Commanders and leaders
- Ayub Khan Yahya Khan: Sher Mohammad Marri Mir Ali Mengal

Units involved
- Pakistan Army Pakistan Air Force: Parrari PFAR BLF Bugti militia

= 1960s insurgency in Balochistan =

Conflict between Balochi separatists against Iran and Pakistan

The 1960s insurgency in Balochistan refers to an insurgency by Baloch separatists against the Pakistani government lasting from 1963 till 1969 with the aim to force Pakistan to share revenues from gas reserves in Balochistan, freeing up of Baloch prisoners and dissolution of One Unit Scheme.

==Background==
Following the introduction of a new constitution in 1956 which limited provincial autonomy and enacted the 'One Unit' concept of political organisation in Pakistan. Tension continued to grow amid consistent political disorder and instability at the federal level. Multiple Baloch parliament members were dismissed. The federal government tasked the Pakistan Army with building several new bases in key areas of Balochistan. The Basic Democracies during Ayub military regime gave an indirect representation which created democratic problems in Pakistan as the representation of the Baloch was reduced in the non-democratic constitution of 1962 as the baloch provinces and territories were merged into West Pakistan. The unrelenting denial of the military regime to lodge the Baluch interests, and the brandishing of such interest as sub-nationalist, took several political protesters to drive for a separate Baluch state and radical and leftist Baluch political parties like Baluch National Liberation Front, and the Baloch Student Organization were launched and they started agitations and protests against Ayub regime.
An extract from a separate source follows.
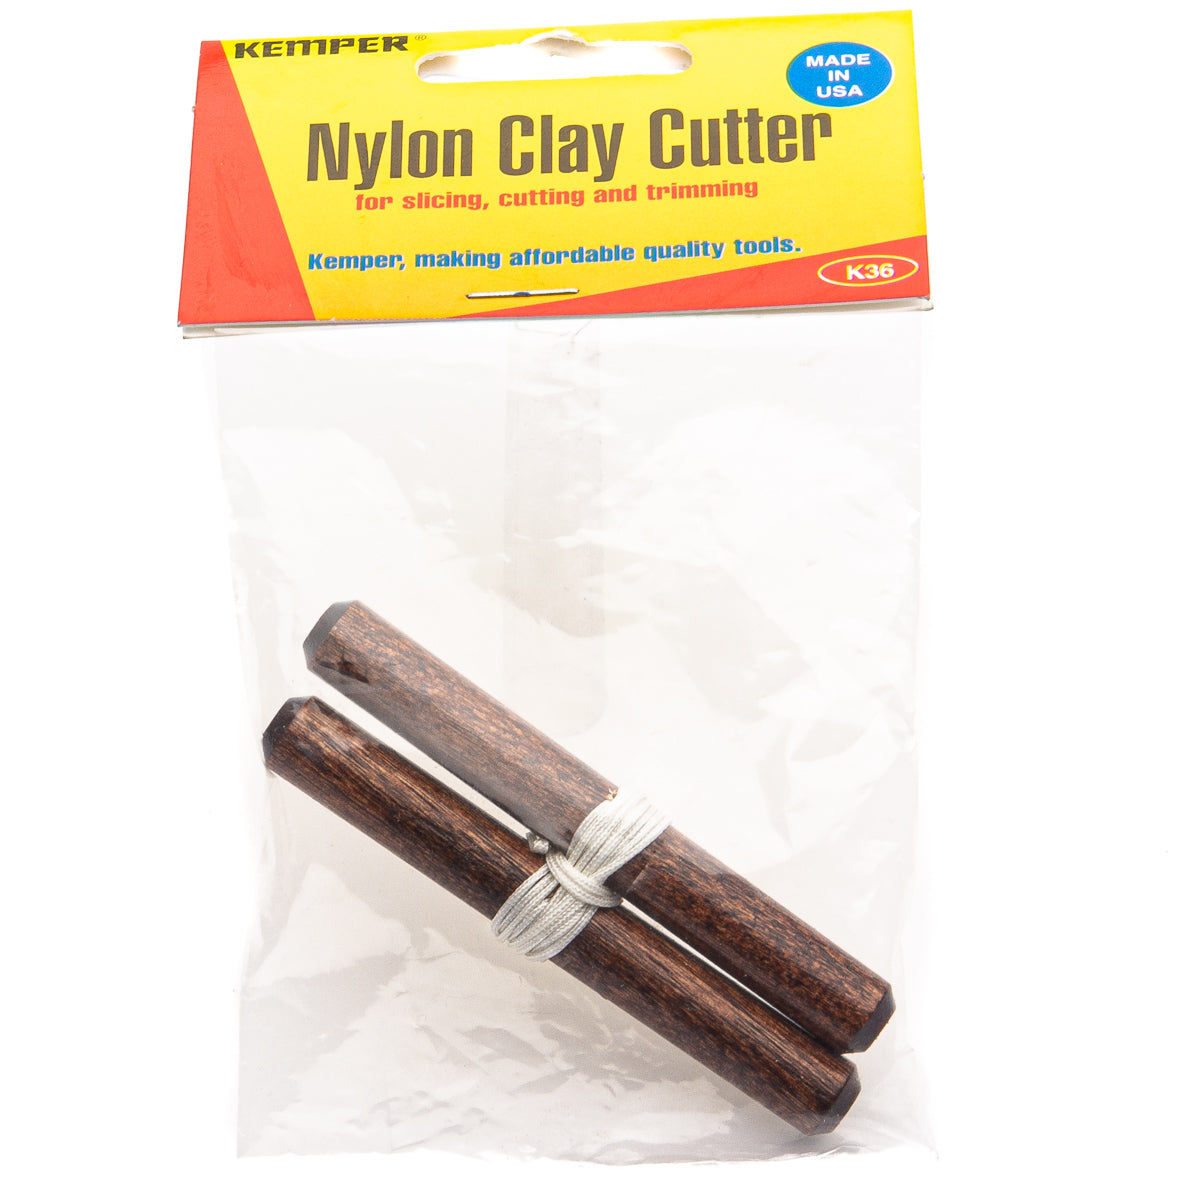 K36 Nylon Clay Cutter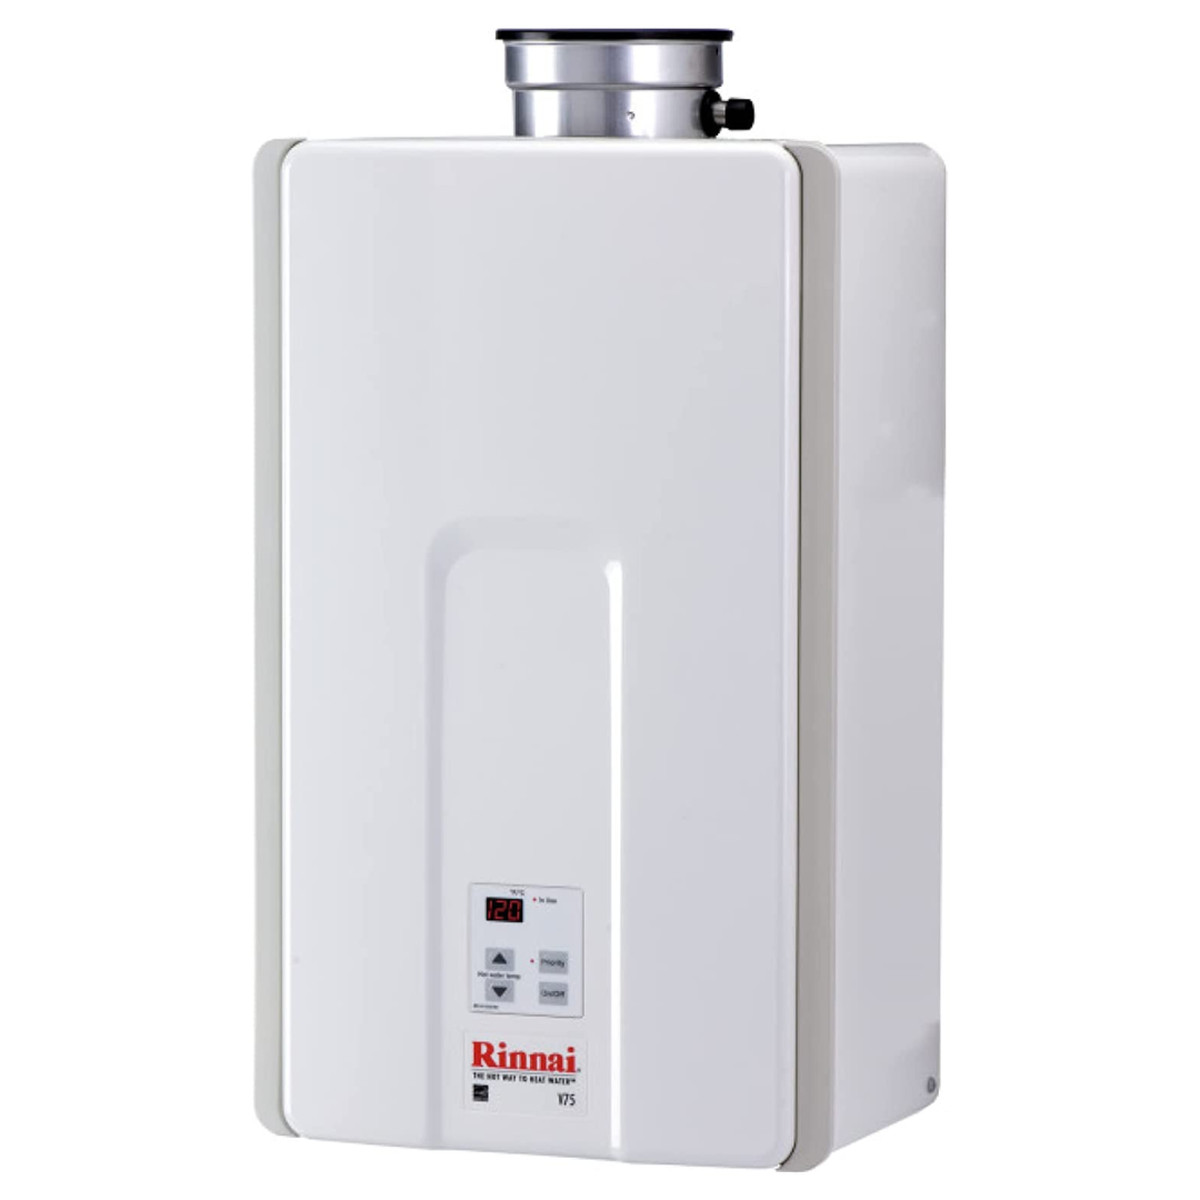 Rinnai Gas Tankless Hot Water Heater

They organized and arranged different gatherings in different areas of Baluchistan and as a result, the second rebellion in Baluchistan broke out from the Marri tribal area in 1962.

==Insurgency==
Sher Muhammad Bijrani Marri led like-minded militants into guerrilla warfare from 1963 to 1969 by creating their own insurgent bases. Their goal was to force Pakistan to share revenue generated from the Sui gas fields with the tribal leaders and lifting of One Unit Scheme. The insurgents bombed railway tracks and ambushed convoys and raided on military camps.

===PFAR===

Popular Front for Armed Resistance, or PFAR, was a separatist organisation formed during the 1960s. The group is responsible for series of bomb blasts in Pakistan. Most of outfit's activists were trained in Afghanistan. For the outfit, Afghanistan was good place to obtain weaponry and others goods.

===Parrari===

Parrari or Parari was a terrorist outfit founded by Sher Mohammad Marri in the 1962. The outfit was responsible for series of attacks against Pakistani civilians and security forces. The outfit continued its attacks until 1969. Sher Mohammad Marri was the first Baloch to use the tactics of modern guerrilla warfare against the government. In early 1960s his Parari fighters attacked the Pakistani Armed Forces in the Marri area and in Jahlawan under Mir Ali Muhammad Mengal. This campaign came to an end in 1967 with the declaration of a general amnesty.

===Bugti militia===

Bugti militia also actively partook in this conflict against the Pakistan Armed Forces.

===BLF===

Balochistan Liberation Front the group was founded by Jumma Khan Marri in 1964 in Damascus, and played an important role in the 1963–1969 in Sistan and Baluchestan province of Iran, which had ultimately spilled over into Pakistani Balochistan, because of BLF launching raids on Pakistani outposts. It had also participated in the 1973–1977 insurgency. Iraq openly and quite actively supported the group against Pakistan and Iran by providing financial support, weapons and training which led to 1973 raid on the Iraqi embassy in Pakistan. Syria also provided support to this group.

==Military response==
The Pakistan Army retaliated by destroying the militant camps. Pakistan Army and Pakistan Air Force led a bombing campaign using attack helicopters and fighter jets respectively in areas with a separatist presence.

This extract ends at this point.